By Anthony Webb
With vacancy rates in Melbourne the highest we have seen in a long time, landlords and property managers are asking; what’s driving this trend? Will the rental market get back to where it was, and if so, how long will this take?
Amid falling rents and rising vacancy rates, it’s easy to lose perspective – the reality is, the rental market has been so good for so long. If we look at it as a landlord and tenant market, it has simply shifted towards a tenant market.
At the moment, the rental market is mirroring what the sales market did during Melbourne’s COVID lockdowns in 2020, and dropping by about 10%.
Reassuringly, what PhilipWebb are seeing right now is a high volume of enquires for rental properties. Multiple tenants are applying for properties, with lots of healthy competition in the market.

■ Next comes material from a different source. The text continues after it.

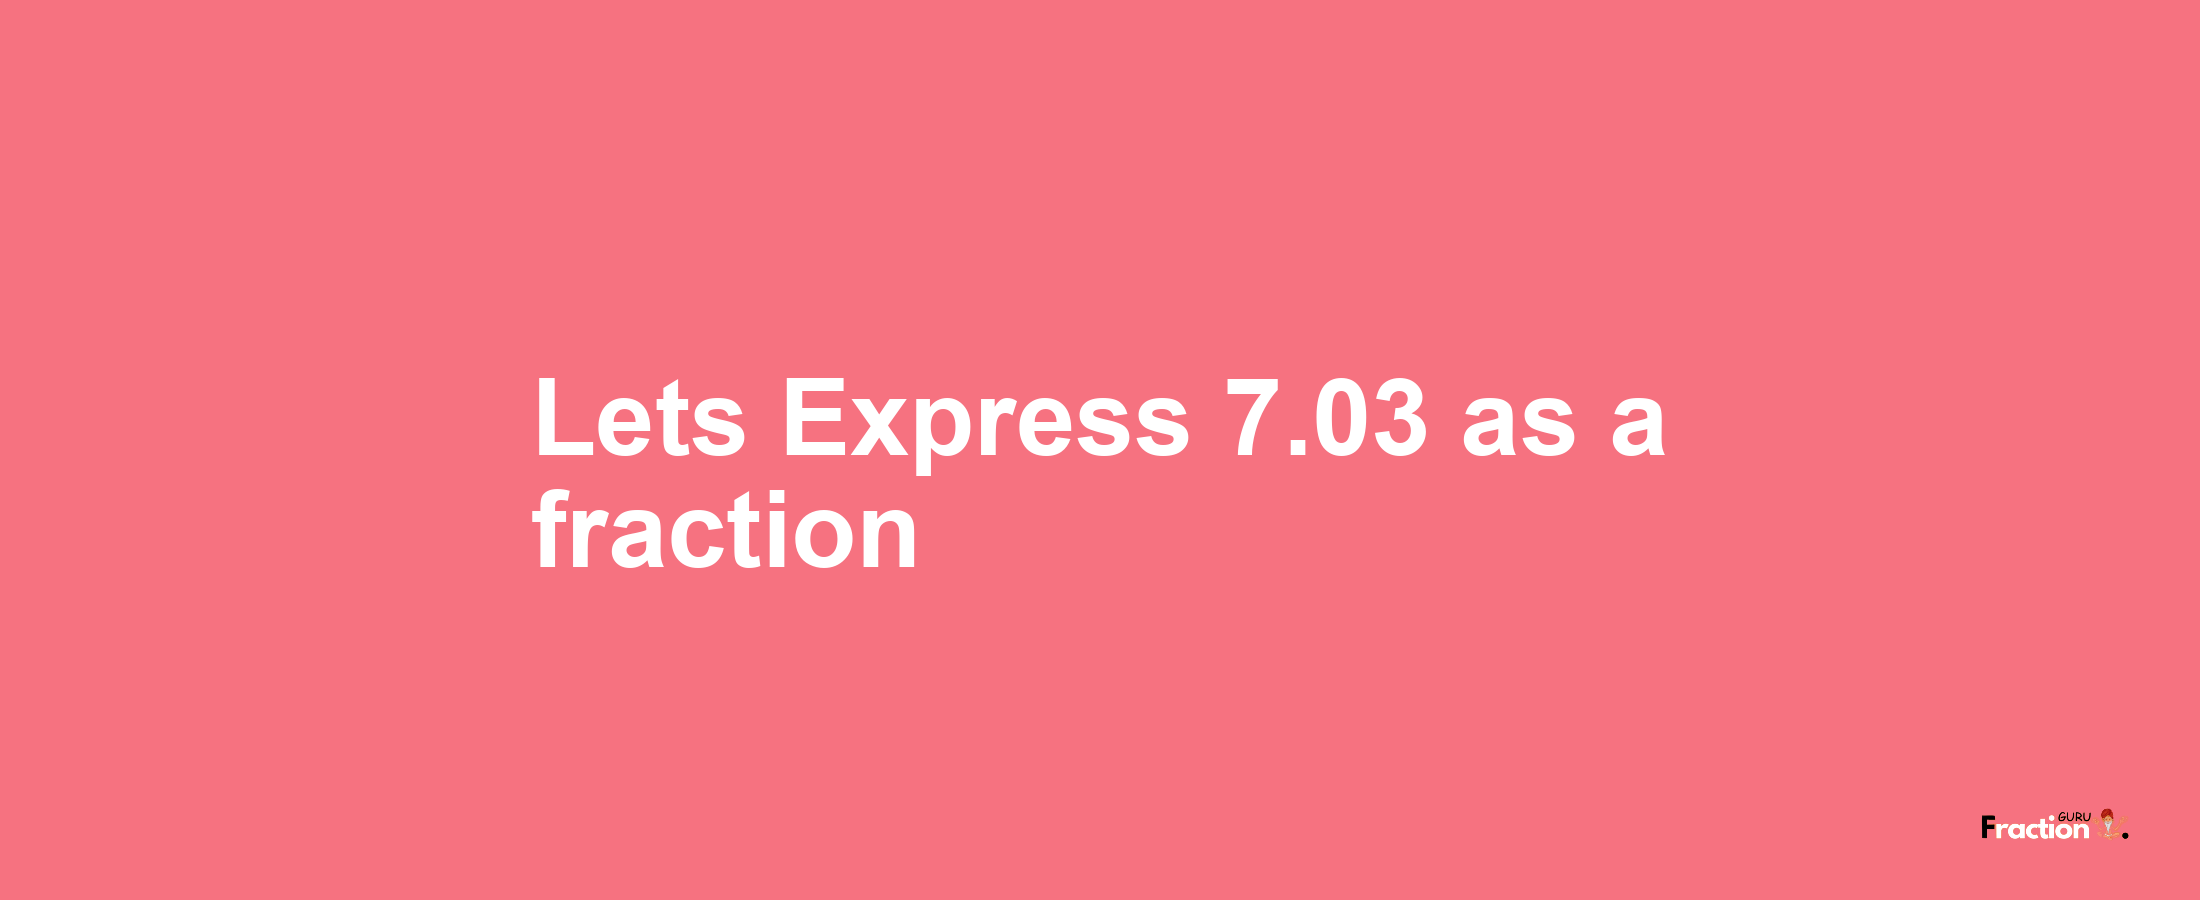 Lets Express 7.03 as afraction

However, the market is still very price sensitive, especially in Melbourne’s CBD. For example, a property leased at $500 might have to be dropped down to $460 before landlords see serious interest. But once you hit that sweet spot, you will get good numbers.

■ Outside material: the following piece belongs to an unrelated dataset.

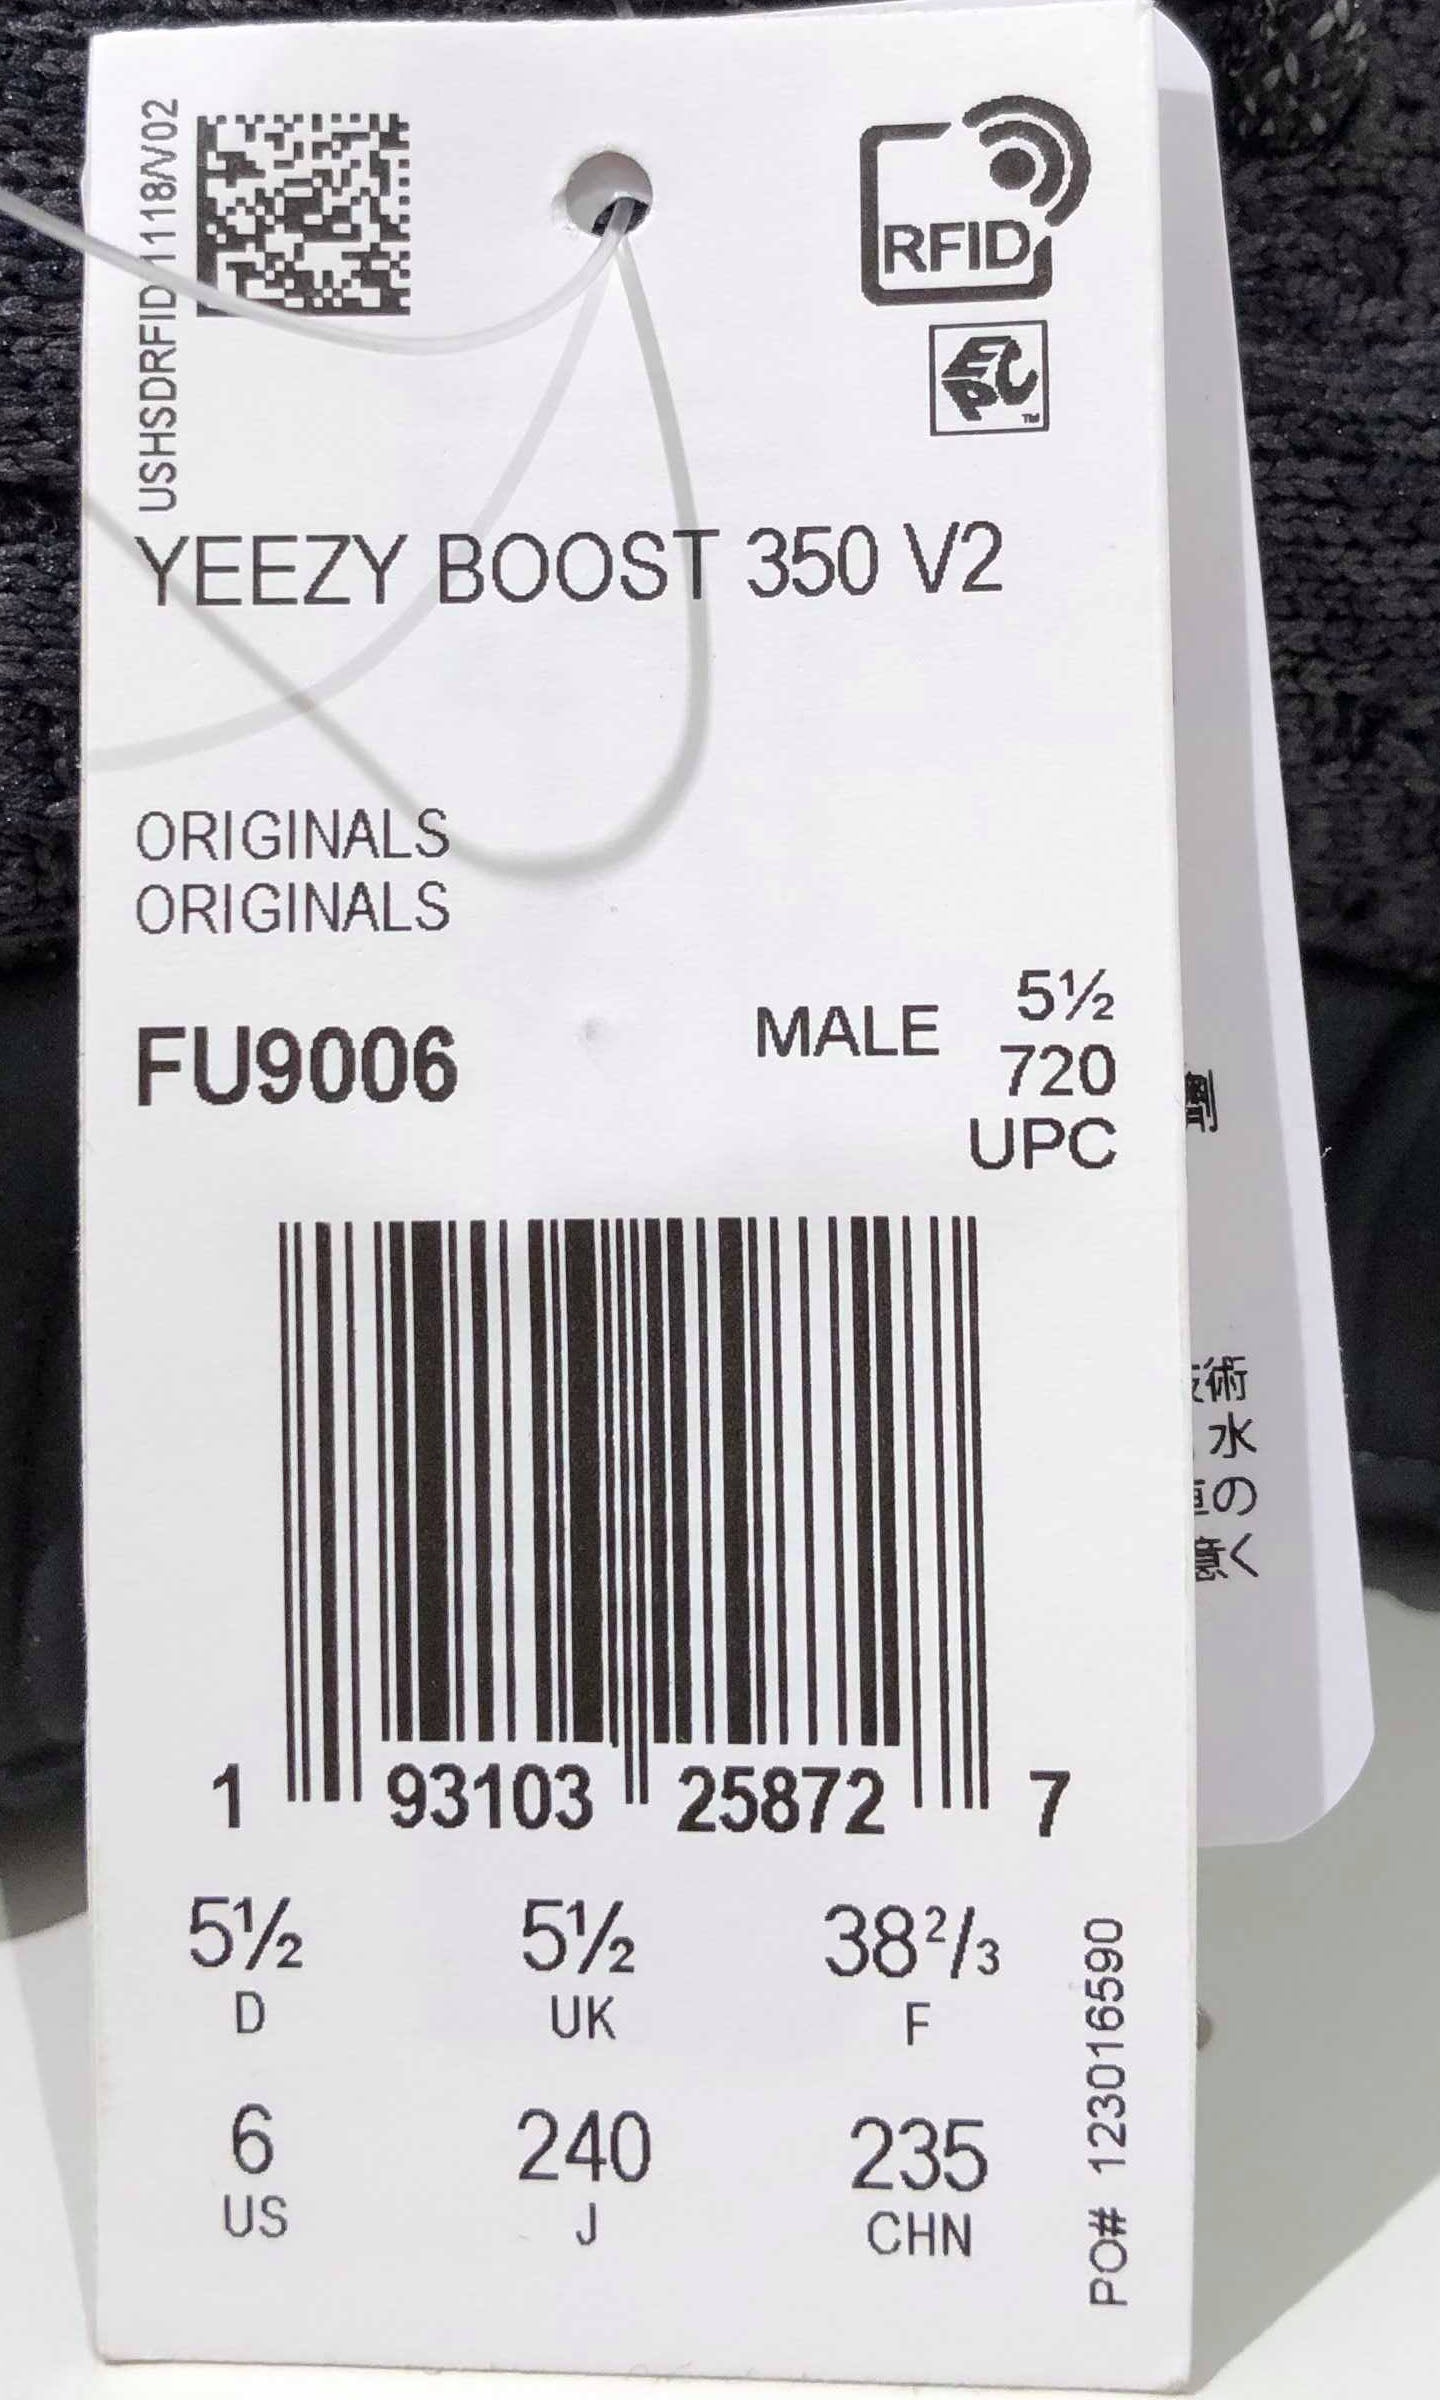 adidas + Kanye West announce the Yeezy Boost 350 v2 cloud

Some of the key drivers of these market conditions have been the ongoing impacts of COVID-19. During this period, tenants have been able to break their lease without consequence, they have been eligible for rent reductions and many people have moved home amid uncertain economic conditions.
Additionally, with COVID-19 conditions looking up, we’re starting to see people regain confidence and rent out their properties again, which is supplying the market with more stock, especially 2-3-bedroom houses and units.
With January the busiest month for leasing, we’ll be watching the rental market closely this month, which should set the tone for the remainder of 2021.